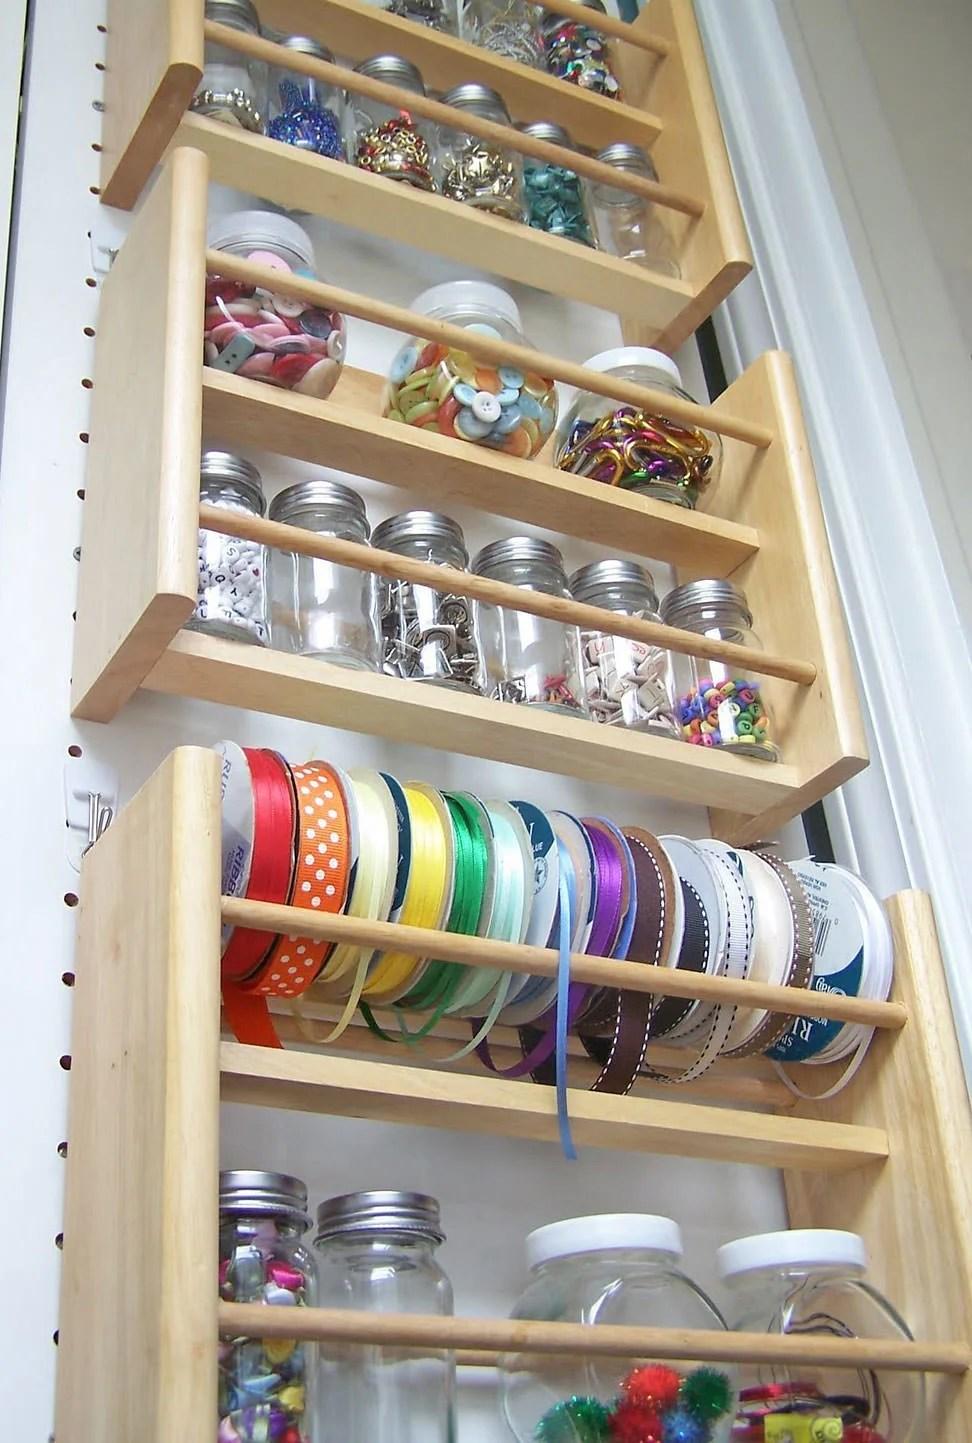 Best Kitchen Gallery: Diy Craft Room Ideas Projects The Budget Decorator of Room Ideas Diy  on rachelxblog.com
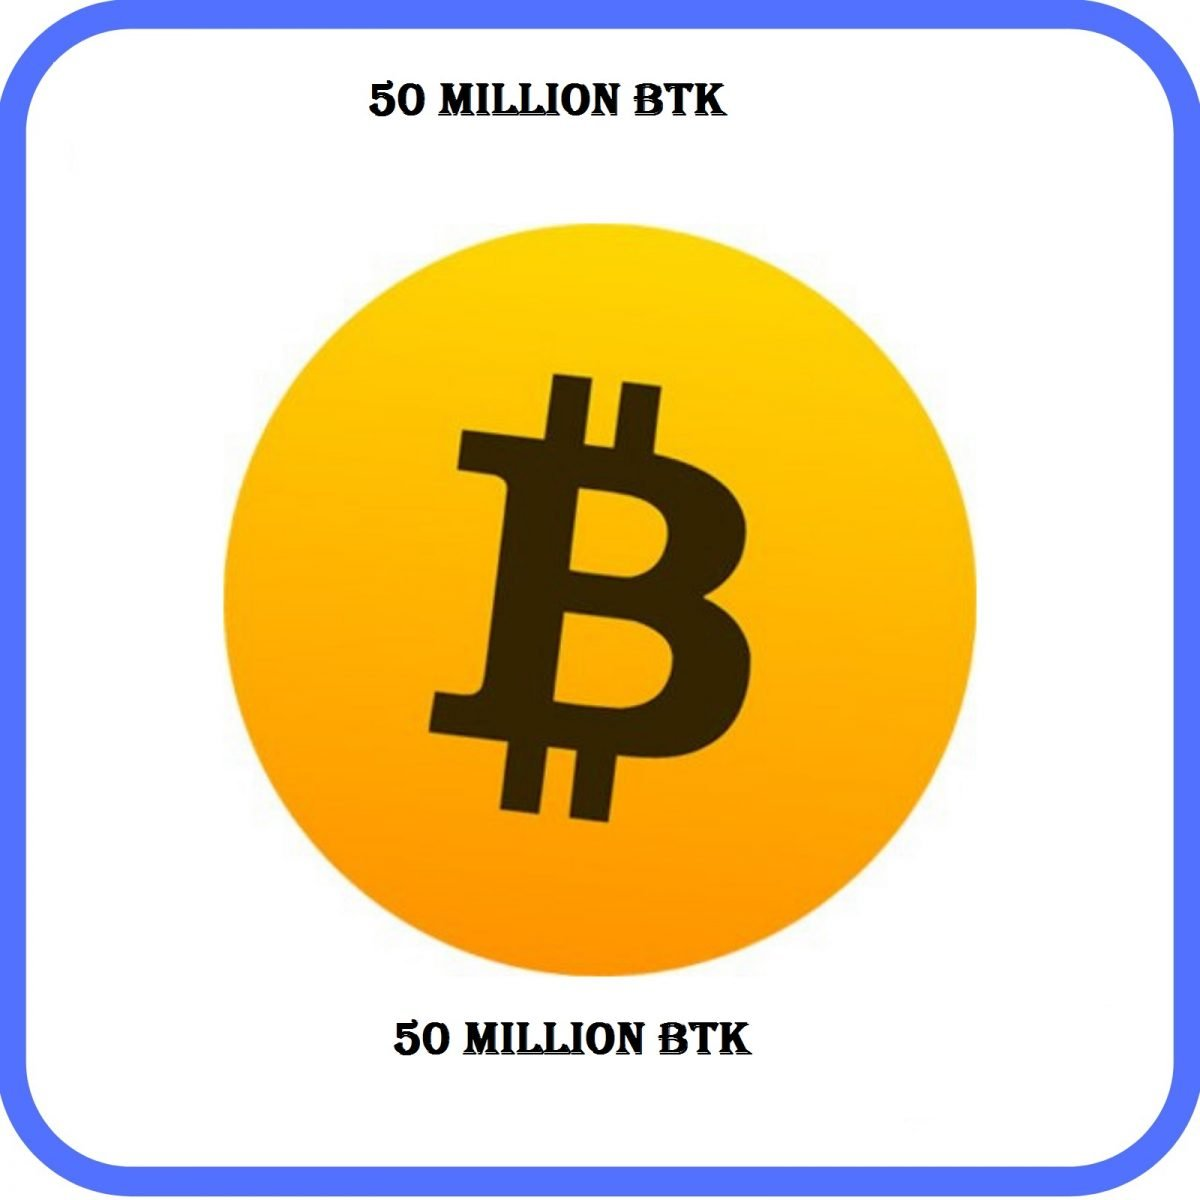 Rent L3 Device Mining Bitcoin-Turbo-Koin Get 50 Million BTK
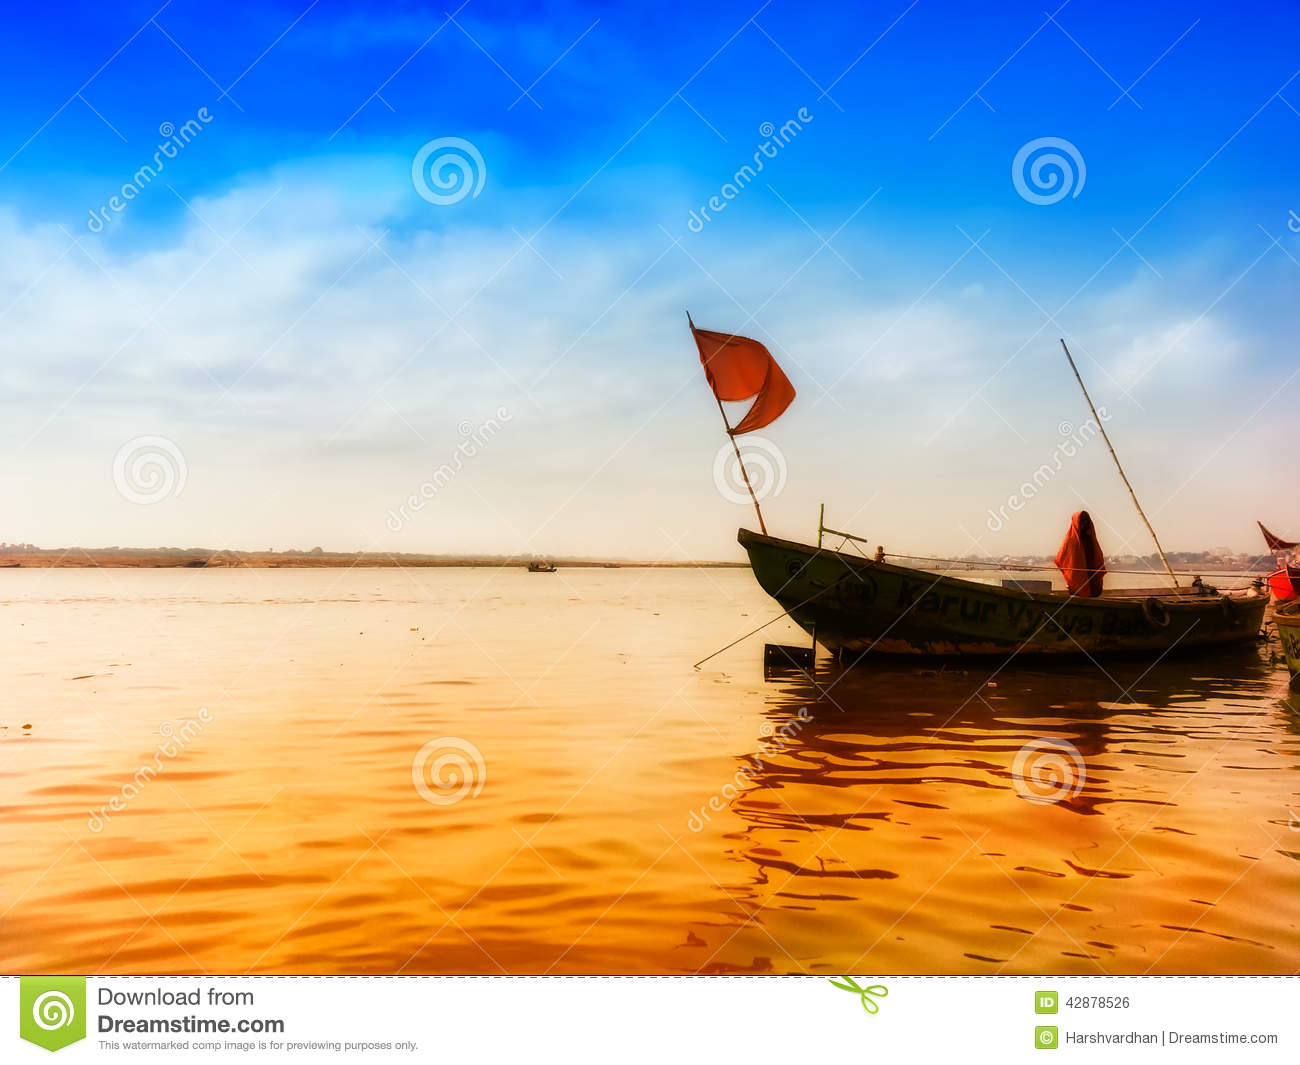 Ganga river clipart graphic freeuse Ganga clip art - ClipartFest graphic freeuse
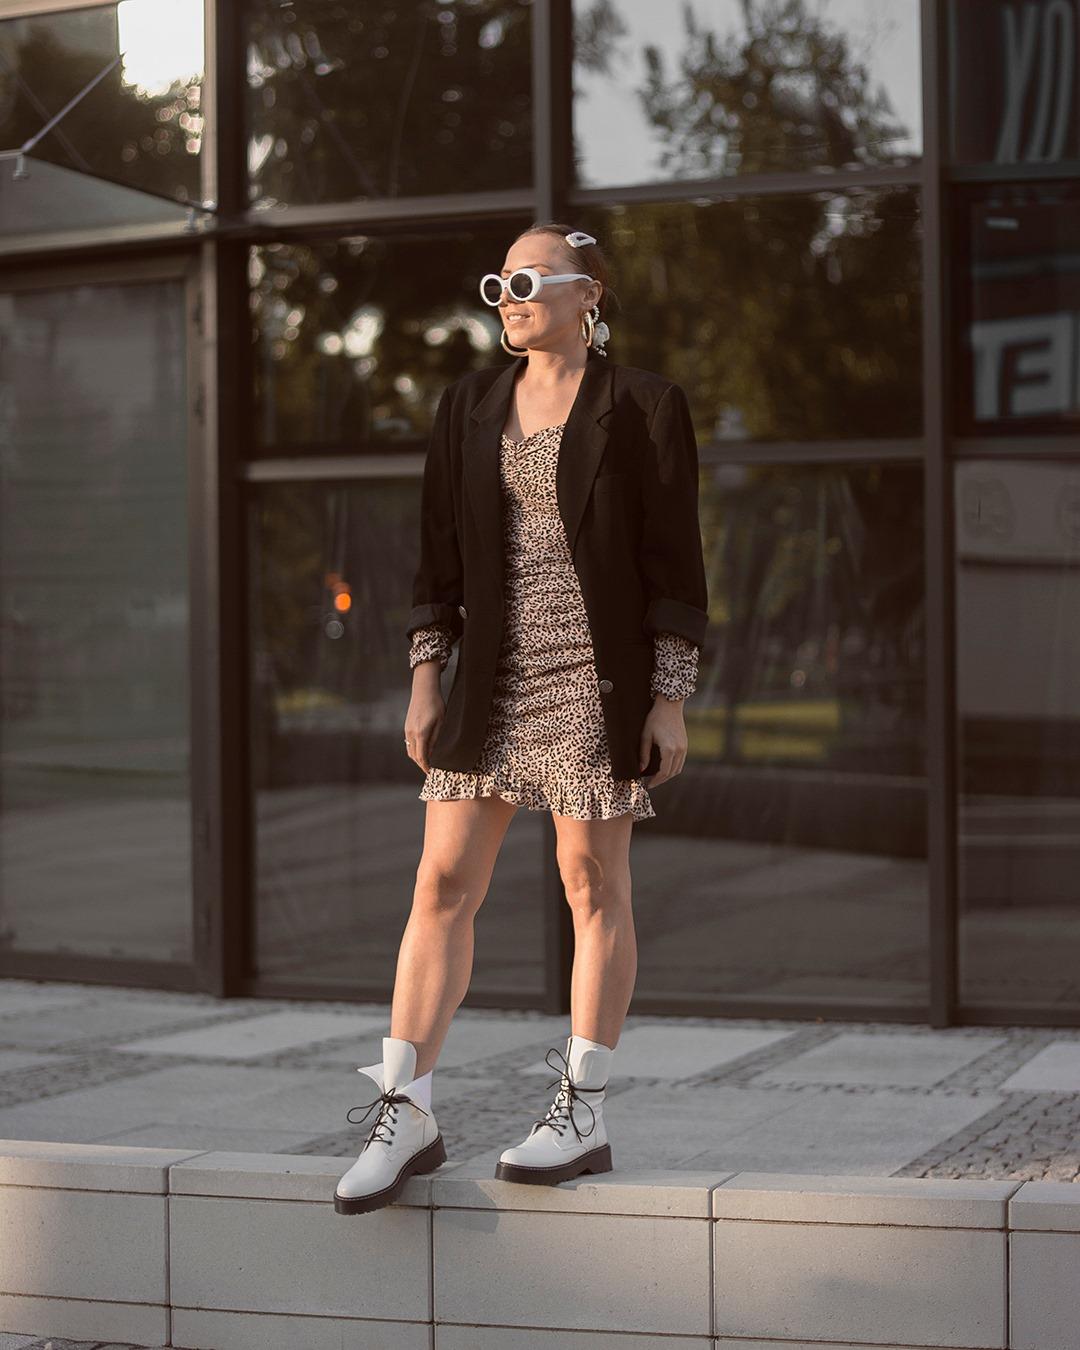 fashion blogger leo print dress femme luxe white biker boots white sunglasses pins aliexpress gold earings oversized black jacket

_BRIEF_
Only the lines from the one containing "Rent L3 Device" through the last line of the material are to be restated word for word; no picture is to be included.

_ANSWER TO THIS TASK_
 Rent L3 Device Mining Bitcoin-Turbo-Koin Get 50 Million BTK
 Ganga river clipart graphic freeuse Ganga clip art - ClipartFest graphic freeuse
 fashion blogger leo print dress femme luxe white biker boots white sunglasses pins aliexpress gold earings oversized black jacket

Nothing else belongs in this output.